Valuable realizations are growing upon us. I mention two that might lead to assent and, eventually, action.
First, you gotta have rich people, like it or not -- a point evidenced by growing support for renewing all, not just some, of the Bush tax cuts. "I don't think this is the time," says the Connecticut Democrat Joe Lieberman, "to raise anyone's taxes, including those who are wealthiest." So saying, Lieberman evidences understanding of two economic truths: 1) the rich pay most of our taxes to begin with, and 2) tax hikes lead the intended victims to work or invest so as to decrease their tax liability, even if their ensuing decisions reduce economic productivity.Democratic arguments for cutting the rich out of the tax-cut extension, sure to pass this year, rests upon the premise that class warfare works politically. It does -- until the consequences start to show through the seams. A policy of redistributing other people's money doesn't wipe out the rich; it does build into the tax system a bias against wealth accumulation.

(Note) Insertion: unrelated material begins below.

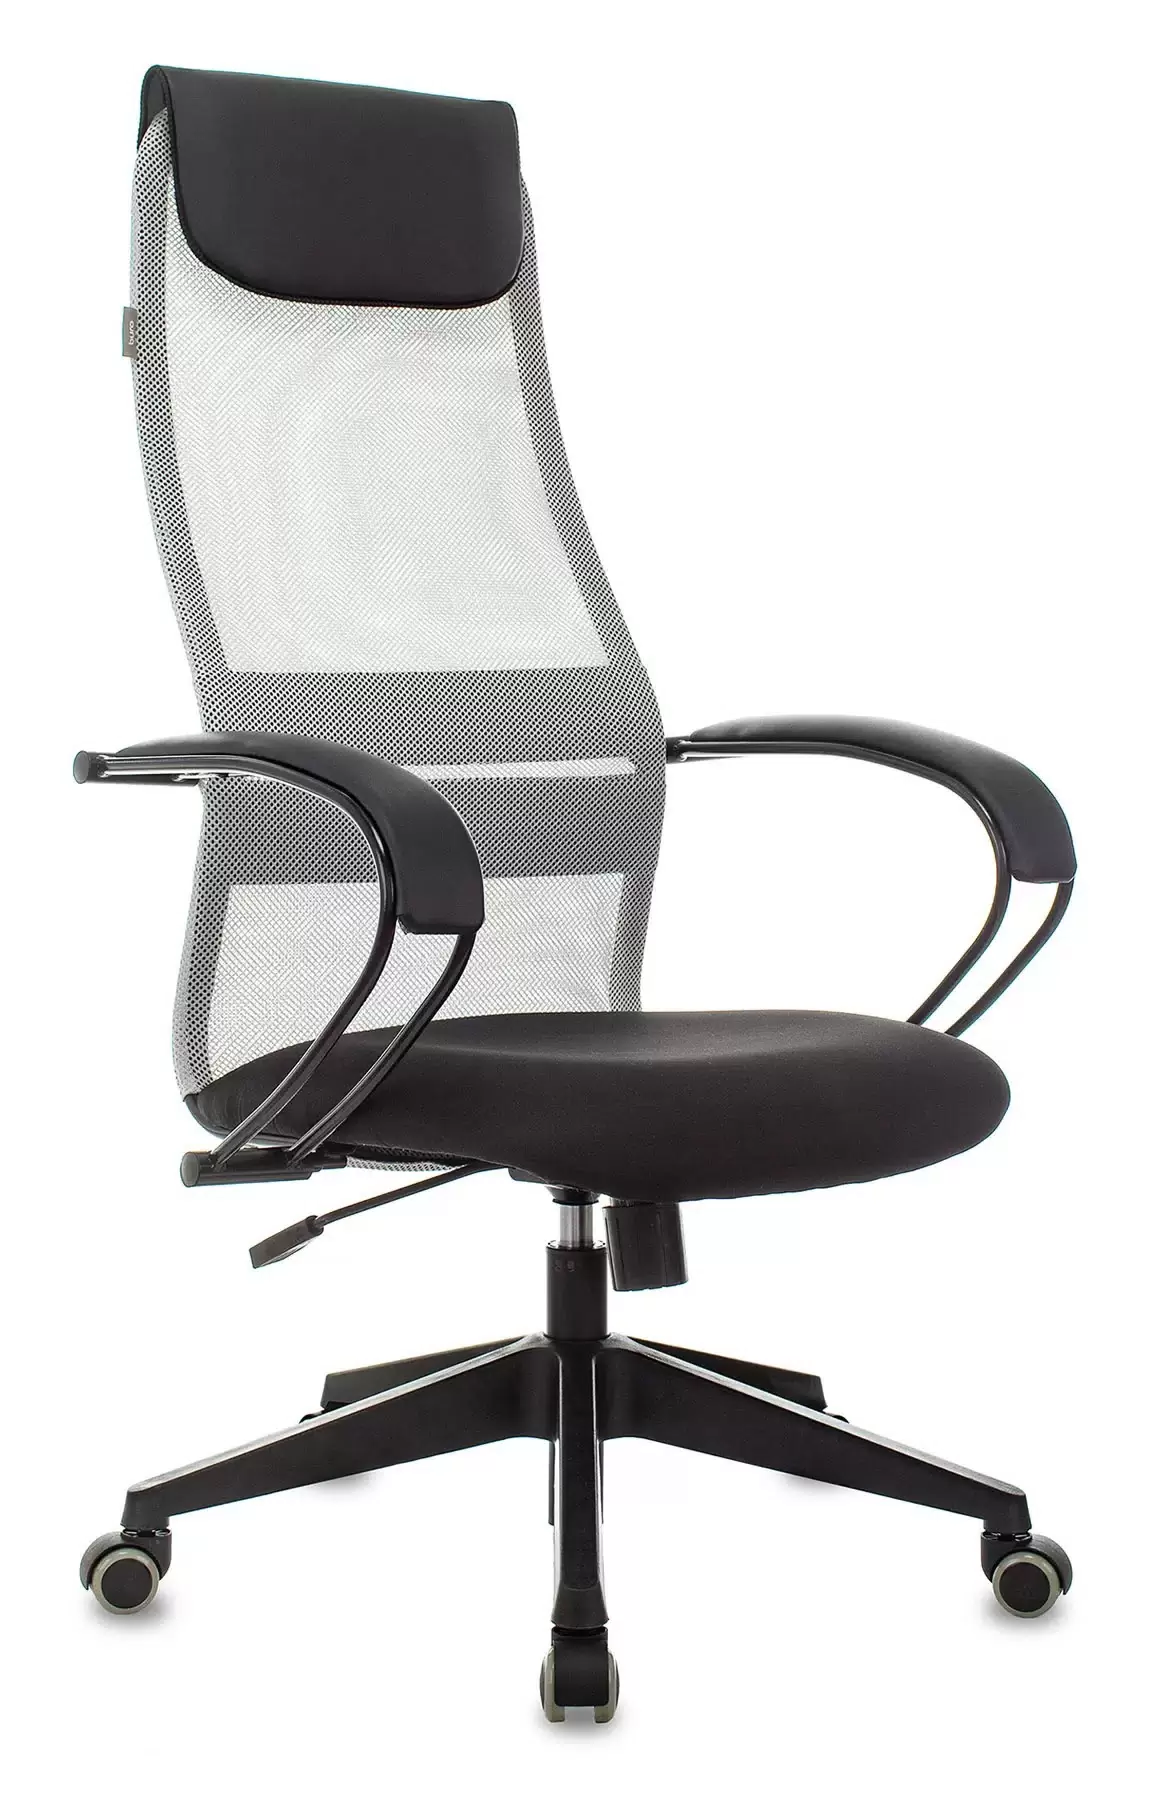 Характеристики - кресло руководителя Бюрократ CH-607 светло-серый TW-02 сиденье черный сетка/ткань с подгол

Wealth, however, plus the simple desire for it, puts people to work. The price of an expanding middle class is tolerance of other people's success and even greed. Speaking of greed, isn't that just part of Original Sin? -- the good old human condition, dating back to Eden? What do we want government to do, after all -- overhaul the human condition from top to bottom?
A second realization that grows upon us is that centralized "We'll Do Everything in the World for You (If You'll Keep Voting for Us)" doesn't get the job done. Wasn't that economic stimulus bill a great success? Eight hundred billion, and don't we feel better? We don't? Maybe we're wondering whether cutting taxes and regulations for the private sector isn't the quickest way to get laggard economies off their backs and on their legs again.
Another notable ingredient of centralized government is control of schools, control of curriculum and standards: a general shutdown, so far as government and teacher unions can manage it, of private decisions in educational matters.